Impact of extracellular nucleic acids from lactic acid bacteria on qPCR and RT-qPCR results in dairy matrices: Implications for defining molecular markers of cell integrity

- We quantified the impact of extracellular (free) nucleic acids on qPCR and RT-qPCR results.
- Streptococcus thermophilus and Lactococcus lactis were evaluated in dairy samples.
- Free DNA modified qPCR results in levels sufficient to bias quantifications.
- Ten times more of free RNA than of DNA had to be used to modify quantifications.
- Bacterial mRNA detection may be used as a molecular signature of cell integrity.

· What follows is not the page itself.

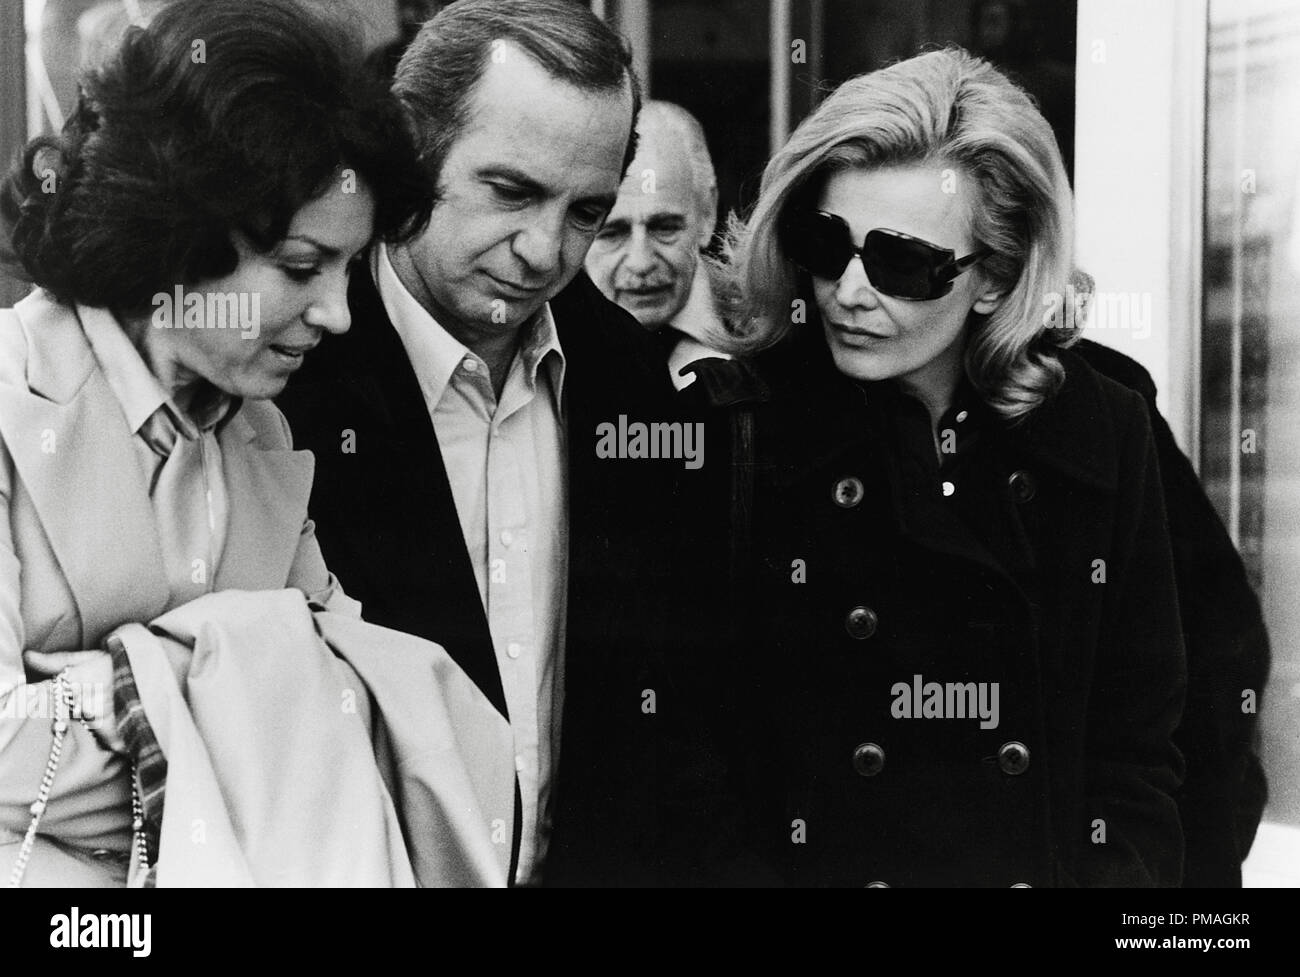 Zohra Lampert, Ben Gazzara and Gena Rowlands, 'Opening Night' 1978 Faces File Reference # 32733 171THA Stock Photo

In this study, we evaluated whether quantitative PCR (qPCR) and reverse transcription-qPCR (RT-qPCR) results could be affected by extracellular (free) DNA or RNA, respectively, obtained either from isolated bacteria or from fermented dairy foods manufactured with these microorganisms. These experimental set-ups involved two starter lactic acid bacteria (SLAB), Streptococcus thermophilus and Lactococcus lactis, as models across their most common technological environments: yoghurt, milk and cheese. The presence of free DNA modified qPCR results in levels sufficient to bias SLAB determinations, indicating that DNA may be a poor measure of cellular integrity. Furthermore, we showed for the first time that an order of magnitude more of free RNA than of DNA had to be used to modify RT-qPCR results. Importantly, the interference produced by free DNA and RNA was maintained across all the dairy matrices evaluated, independently of the SLAB and of the source of nucleic acids used, in both negative and positive samples. This study suggests that, contrary to DNA molecules, mRNA from dead microorganisms or from other extracellular sources may not be a determinant factor in skewing molecular quantifications. Therefore, our results support the potential use of mRNA as a molecular signature of cell integrity in dairy matrices.